> **ASSIGNED TASK**: Your copy should repeat the data that follows exactly and contain no image.

Saved data entries
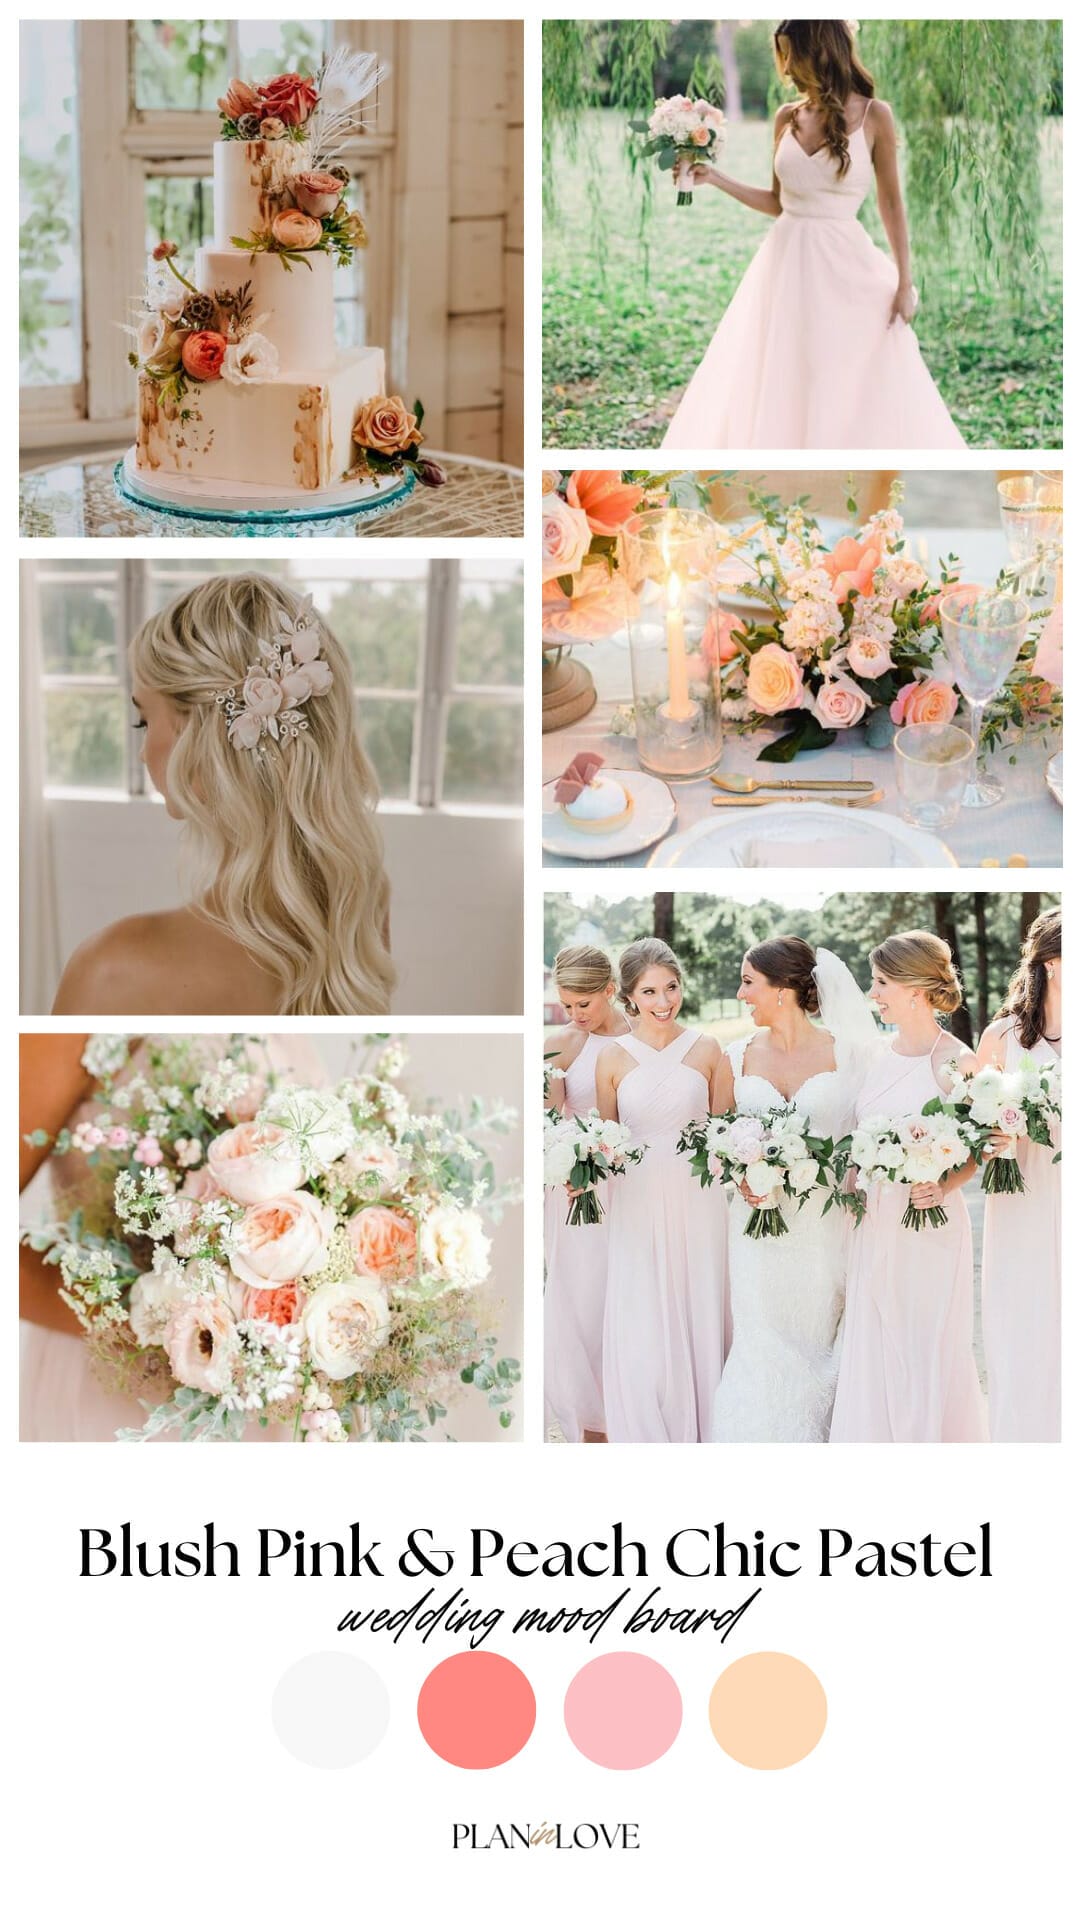 Blush Pink And Peach Chic Pastel Wedding Mood Board Inspiration Color Palette Plan In Love
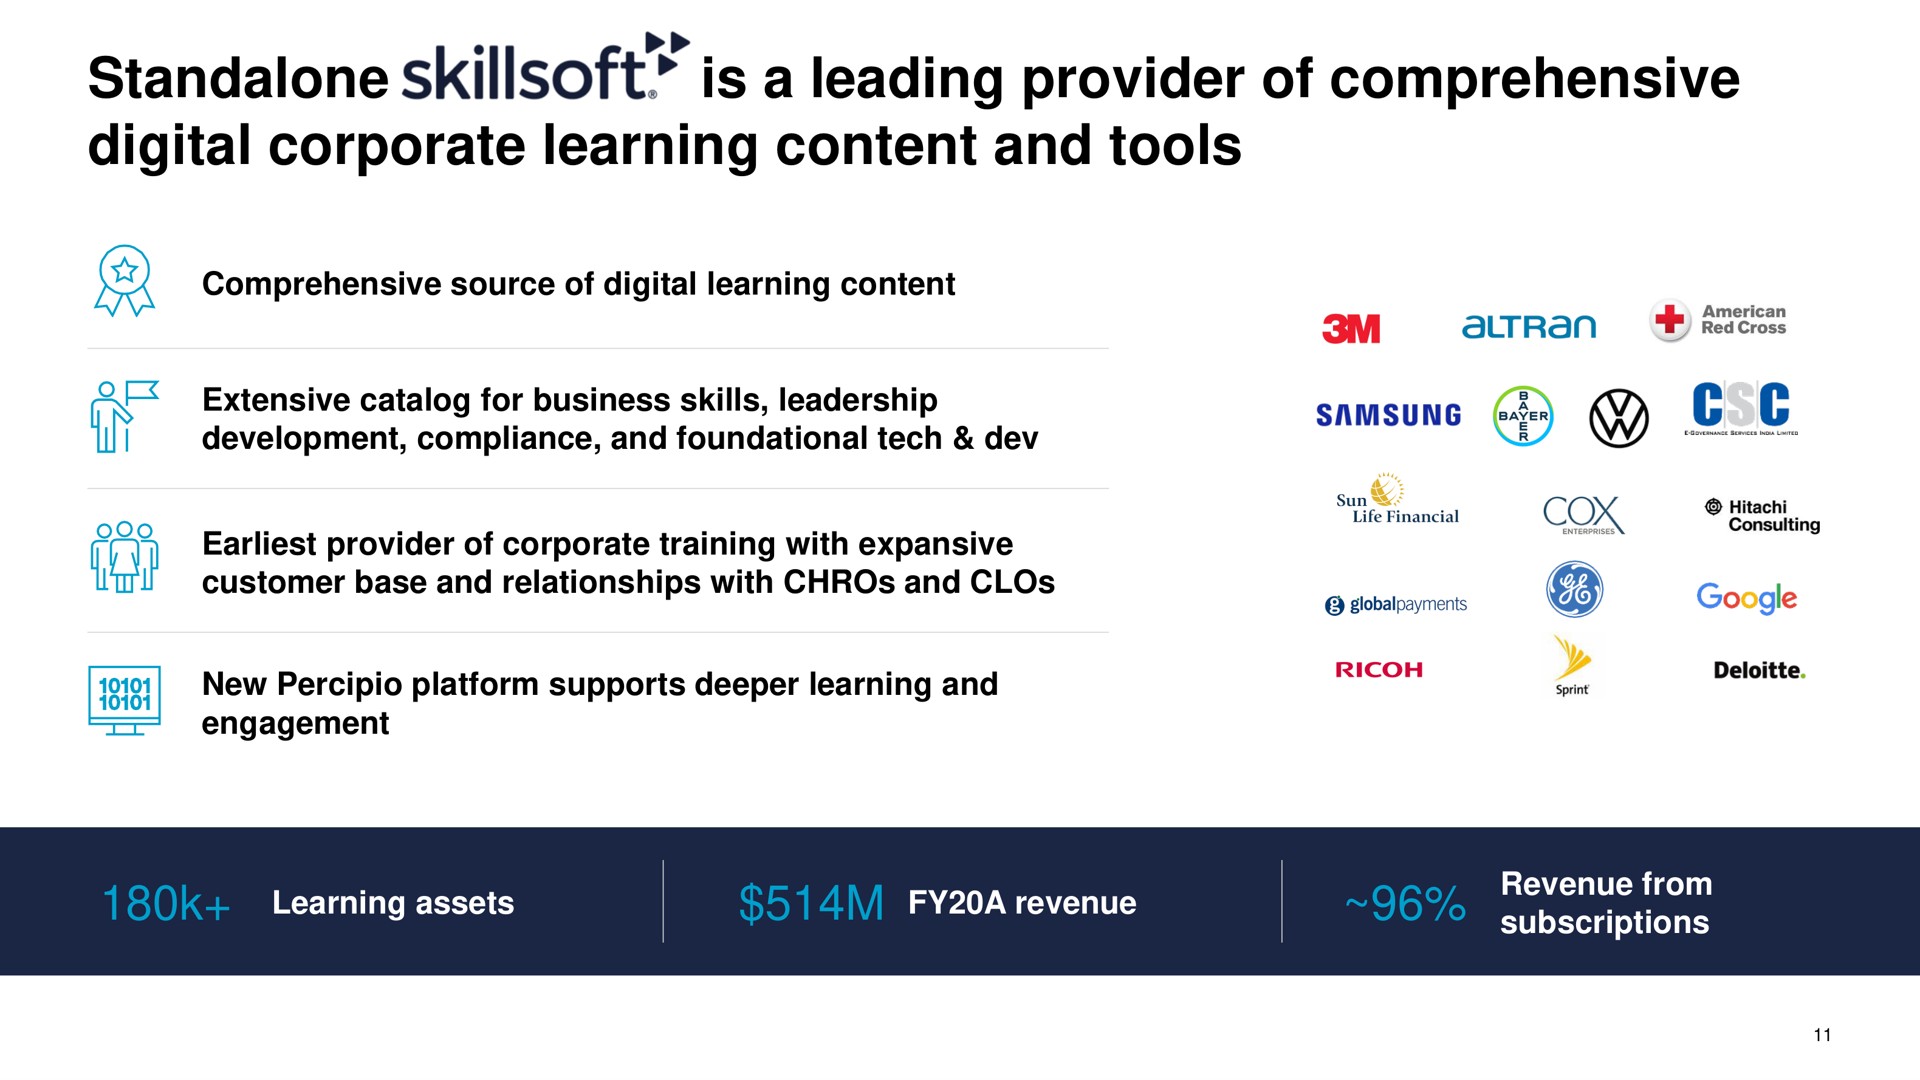 is a leading provider of comprehensive digital corporate learning content and tools | Skillsoft
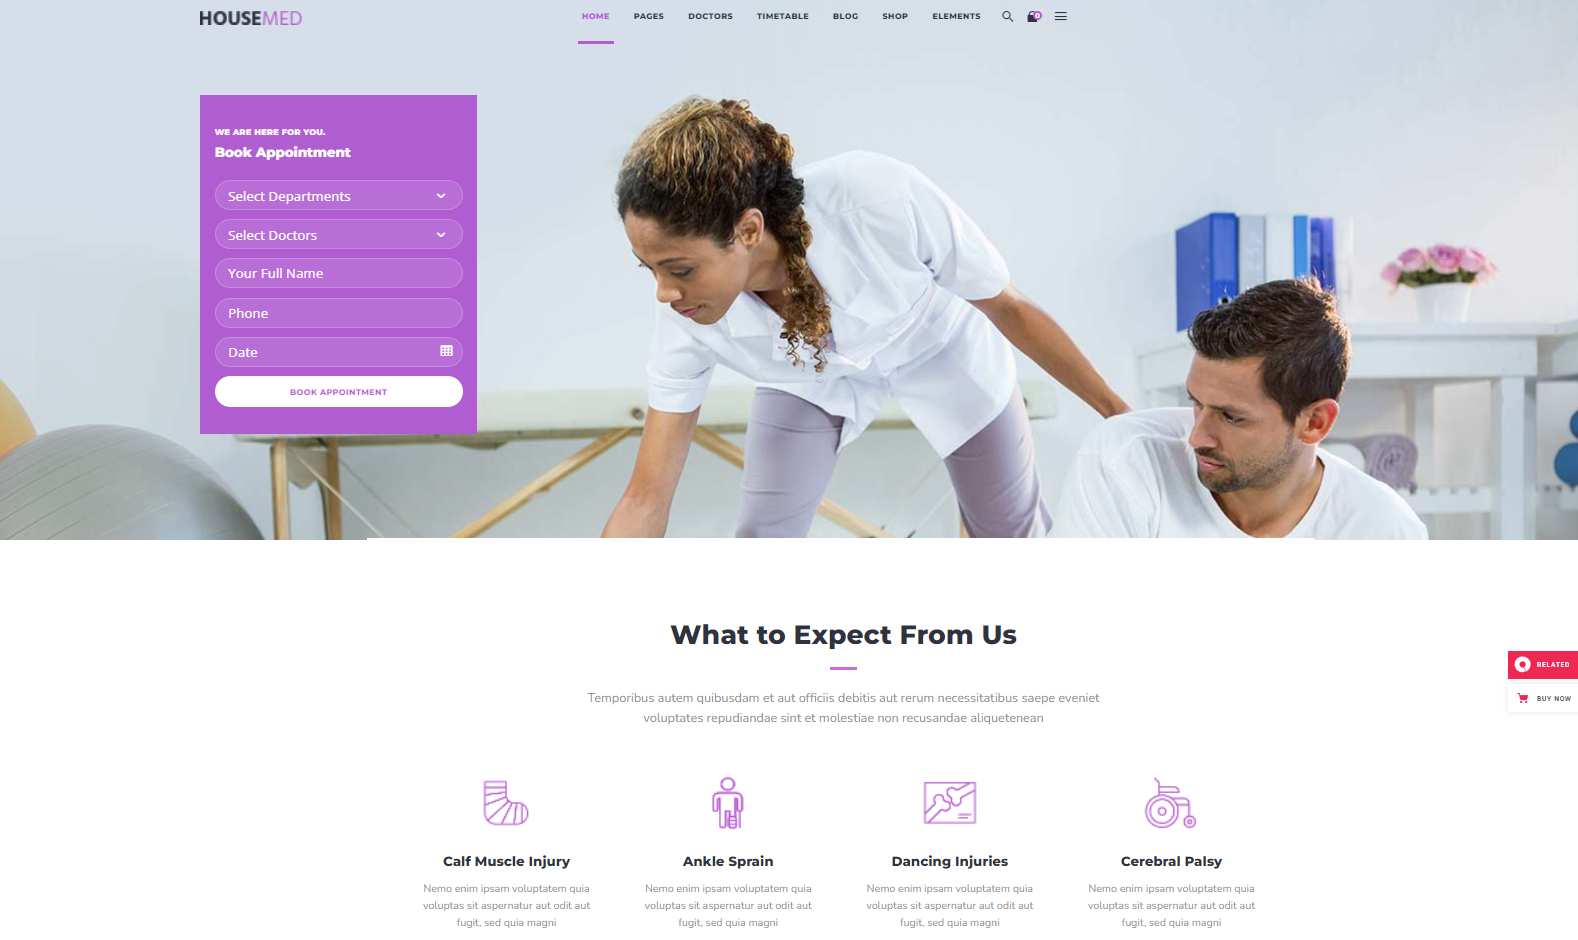 Physical therapy website template named HouseMed
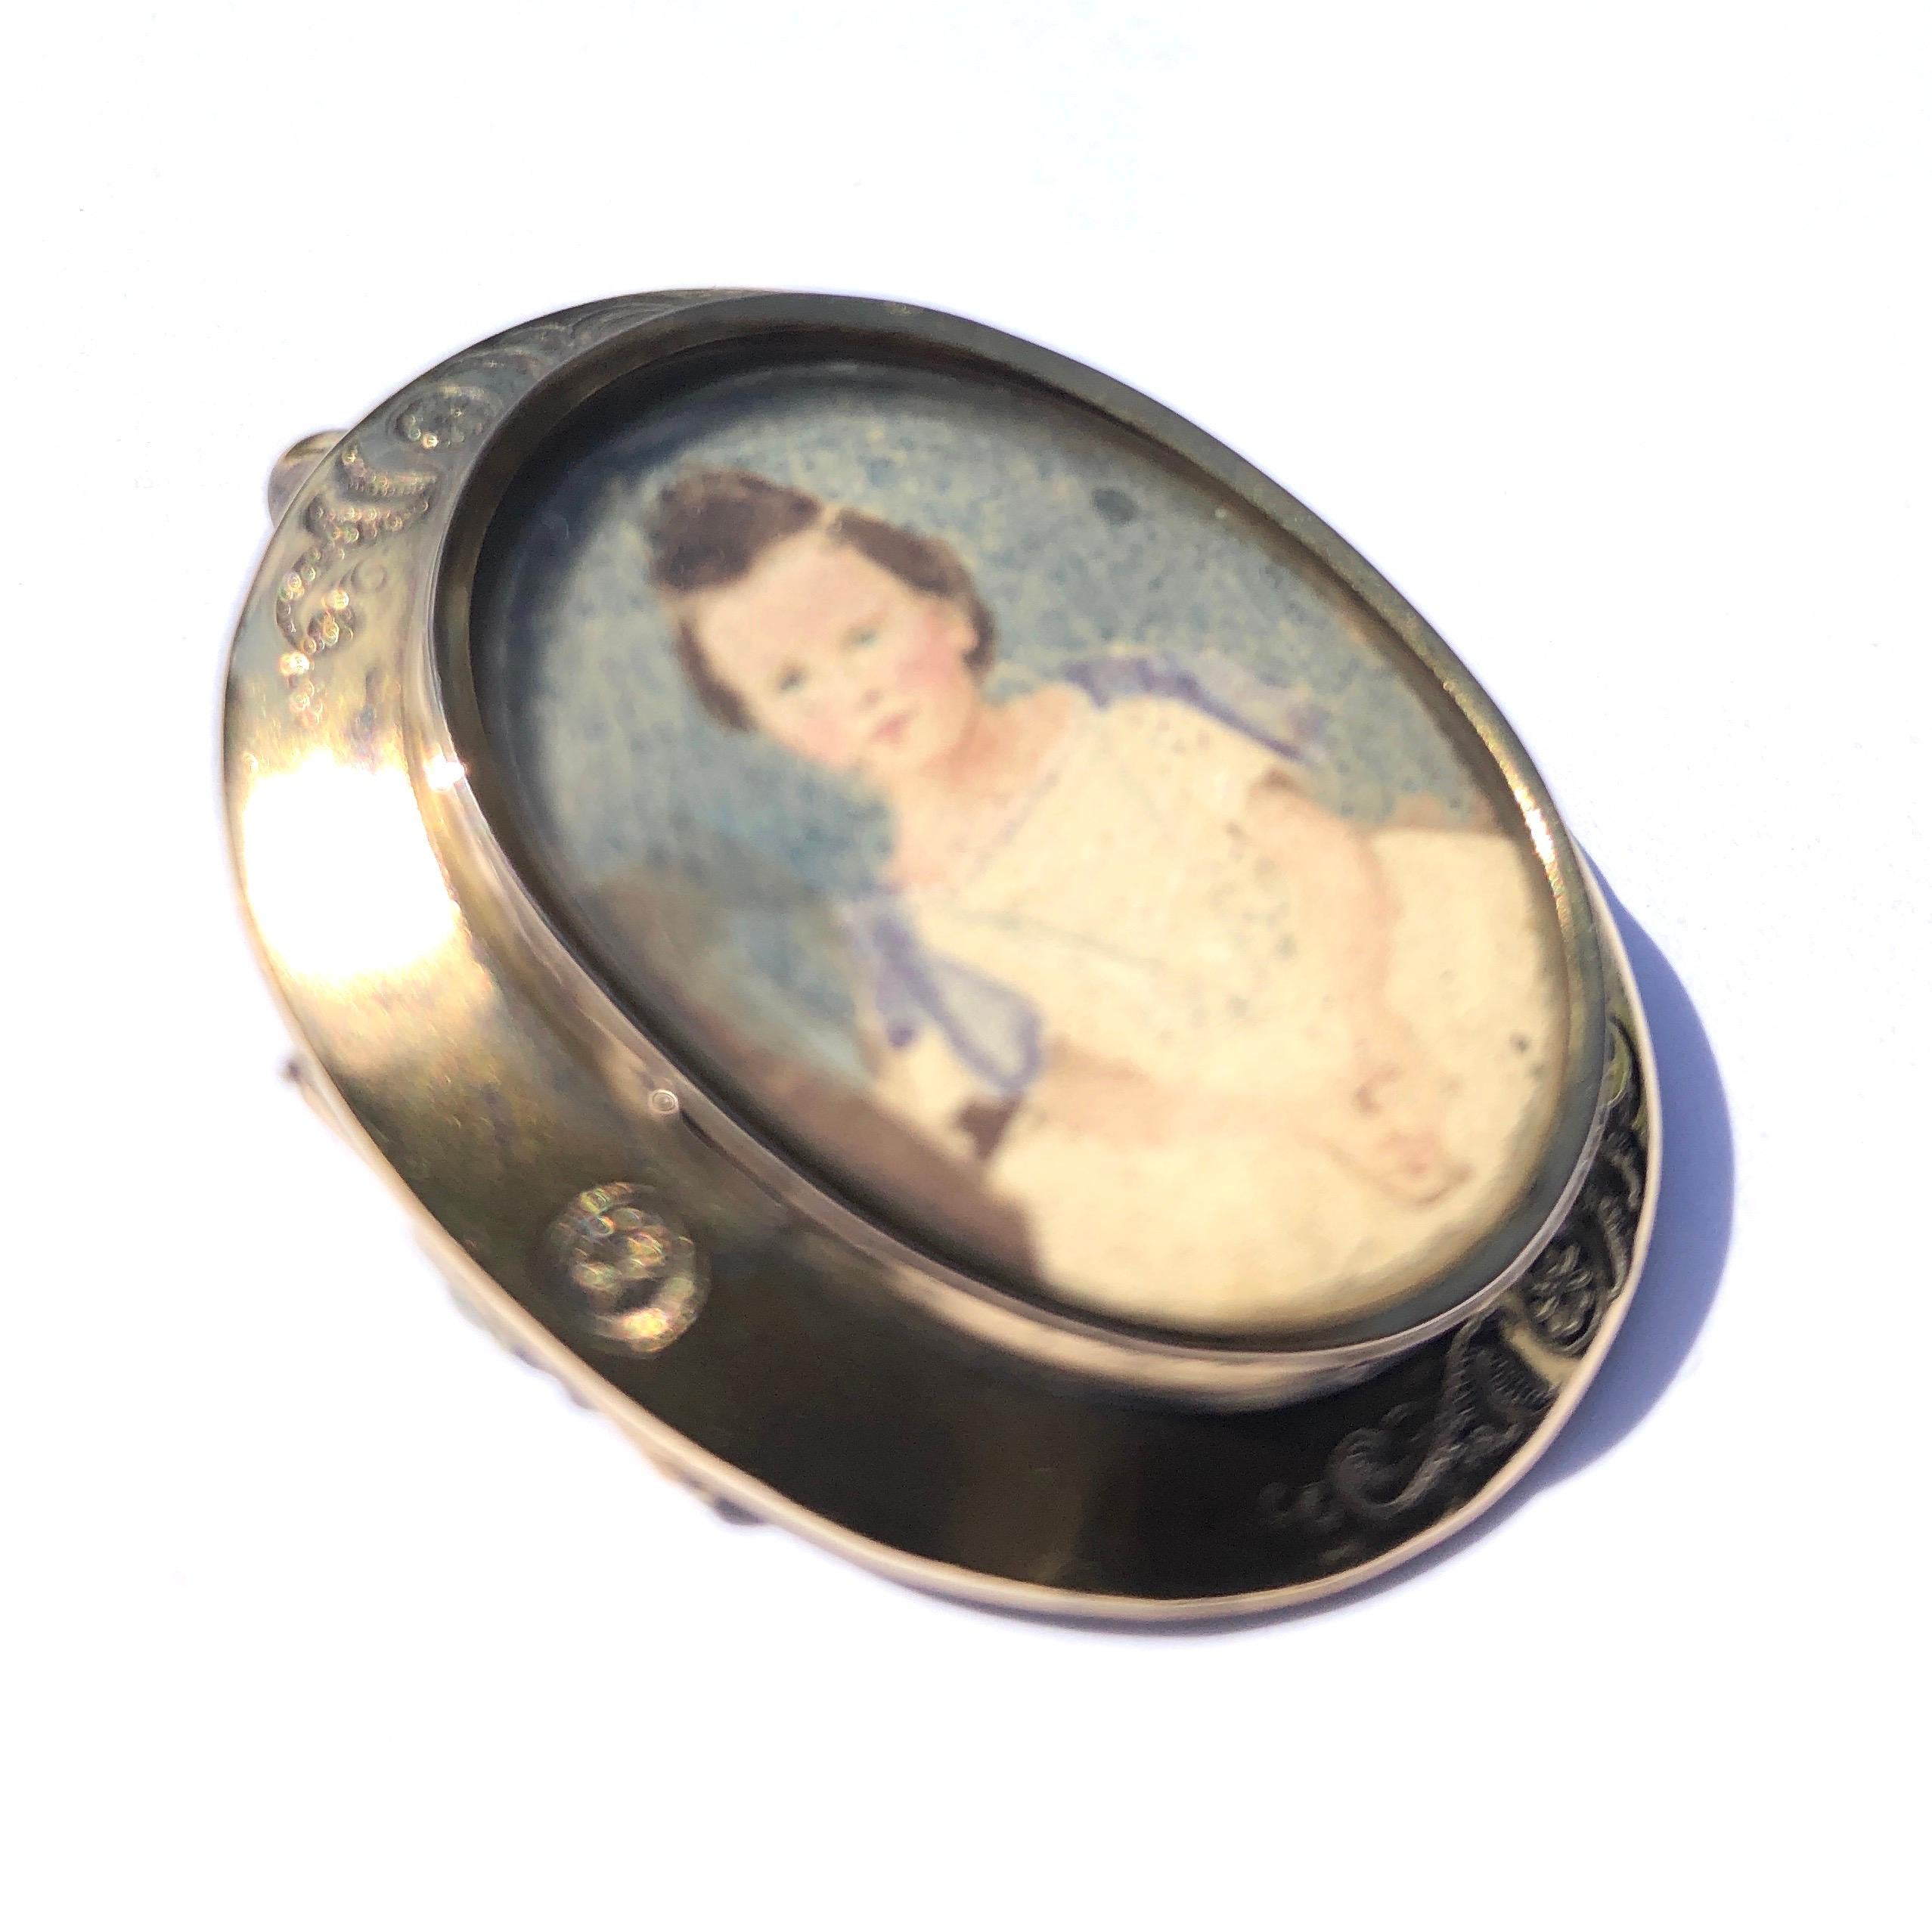 This gorgeous piece has fine intricate flower and swirl engraving and holds a picture of a lovely little girl smartly dressed in her finery. This could be either a pendant or a brooch.

Dimensions: 37x32mm

Weight: 9.49g

> **ANSWER FOR THE TASK**:
 Blush Pink And Peach Chic Pastel Wedding Mood Board Inspiration Color Palette Plan In Love
 is a leading provider of comprehensive digital corporate learning content and tools | Skillsoft
 Physical therapy website template named HouseMed
 This gorgeous piece has fine intricate flower and swirl engraving and holds a picture of a lovely little girl smartly dressed in her finery. This could be either a pendant or a brooch.

Dimensions: 37x32mm

Weight: 9.49g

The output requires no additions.